_COLLECTED DATA:_
* * * *

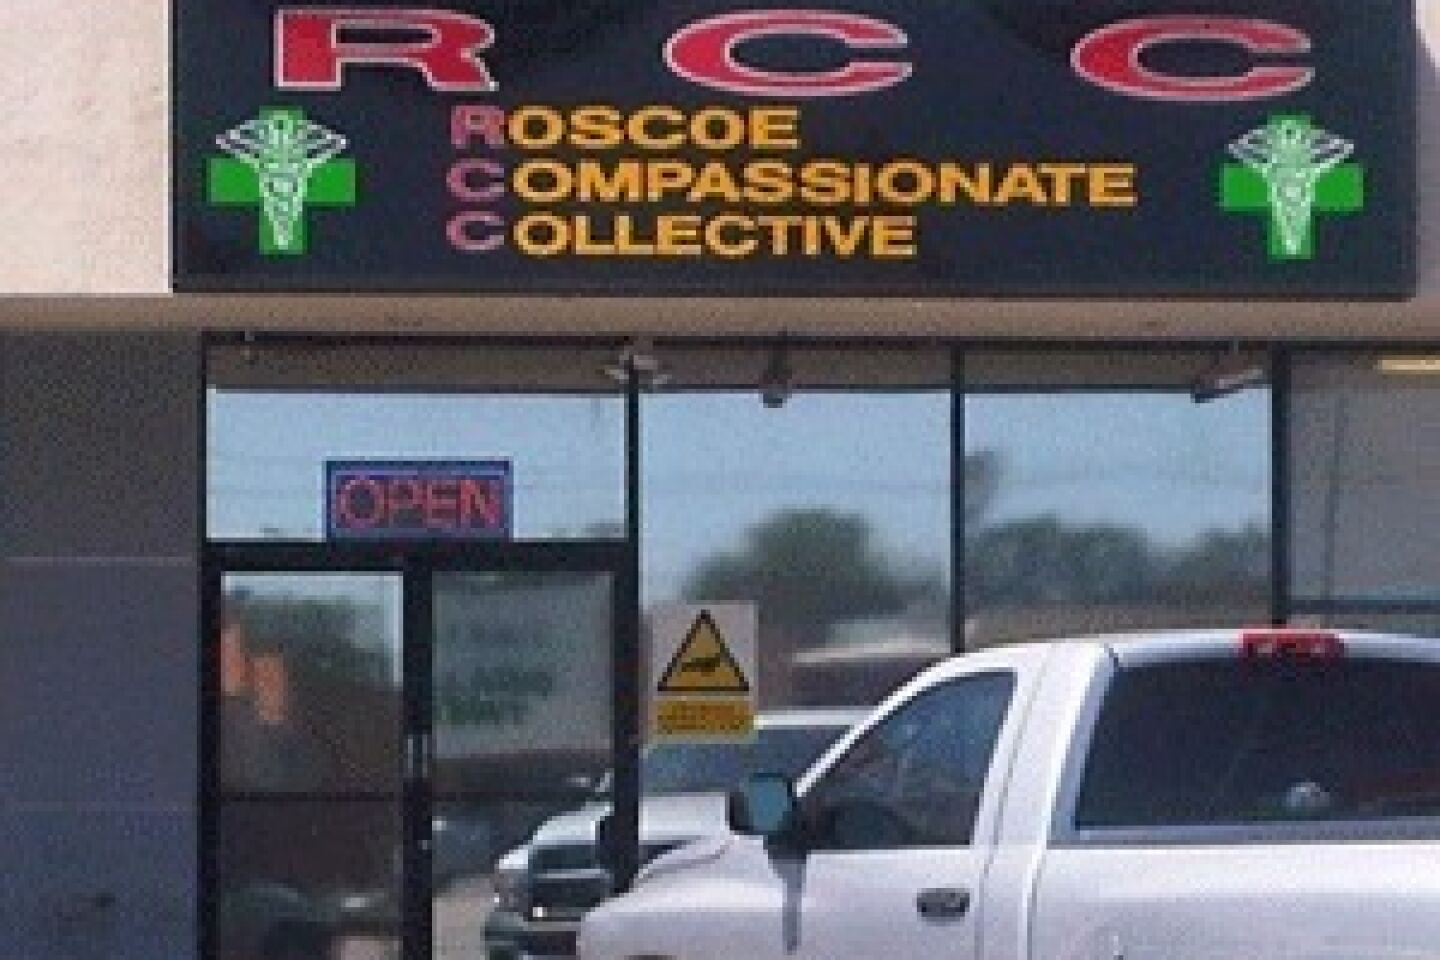 Roscoe Compassionate Collective, Canoga Park
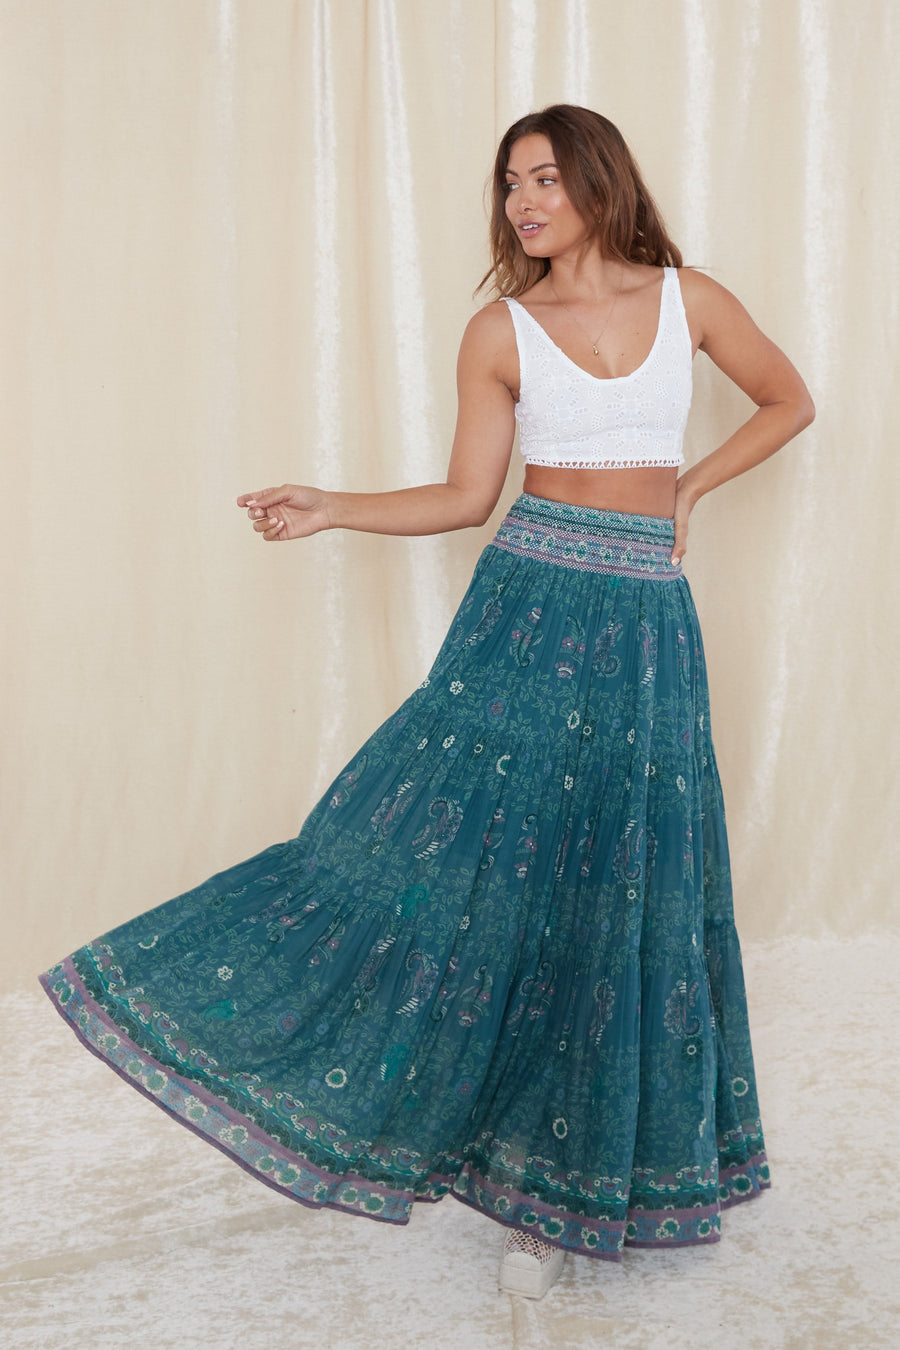 Manisha Maxi Skirt - Capri Blue
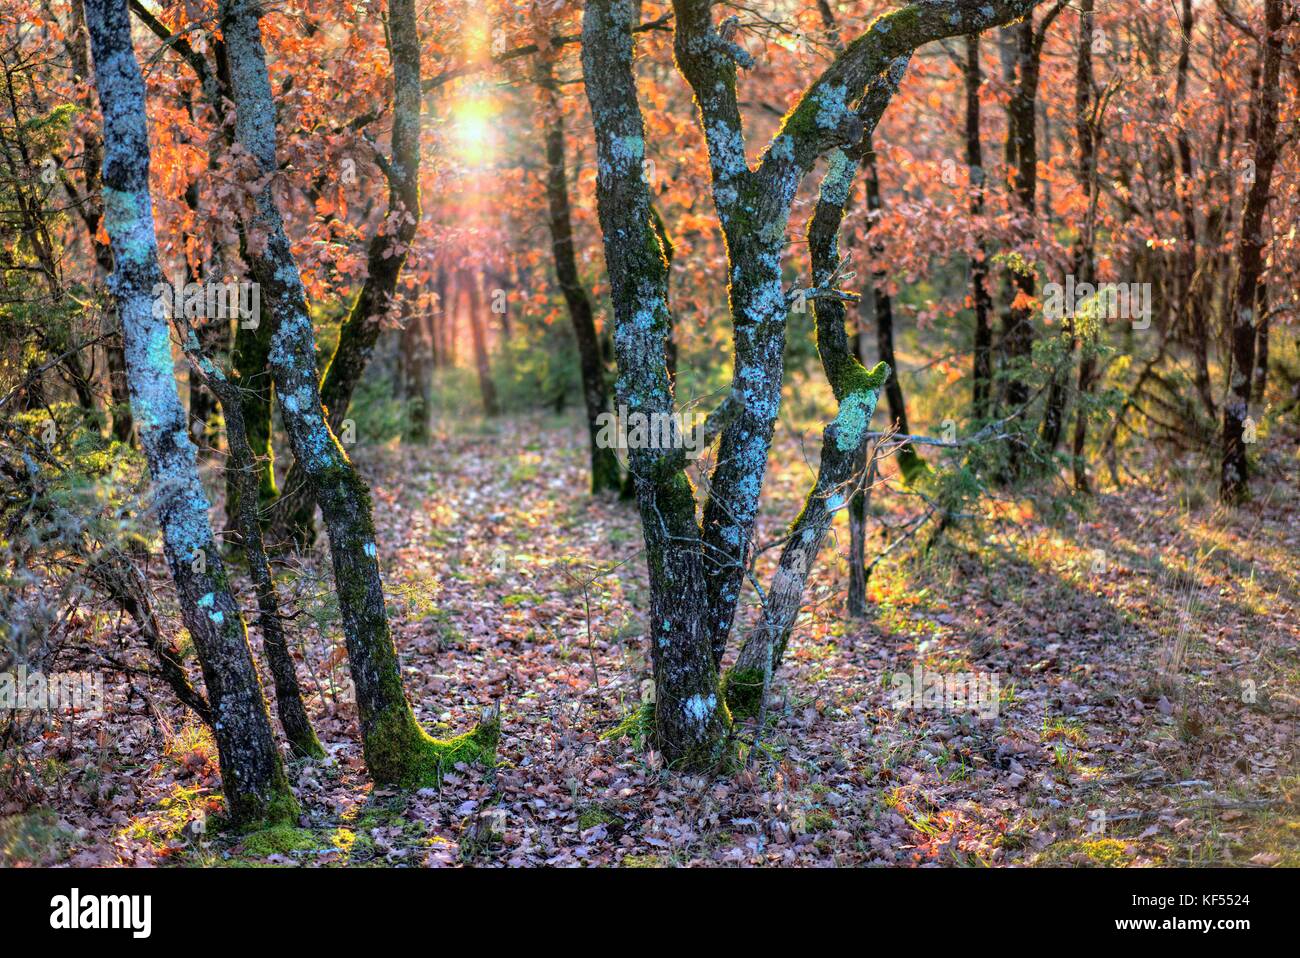 Europa, Frankreich, Royal, Aveyron, rougier camares de, ein Eichenwald im Herbst. Stockfoto

* * * *

No pictures go in the copy. Set down all the data exactly.

 Roscoe Compassionate Collective, Canoga Park
 Manisha Maxi Skirt - Capri Blue
 Europa, Frankreich, Royal, Aveyron, rougier camares de, ein Eichenwald im Herbst. Stockfoto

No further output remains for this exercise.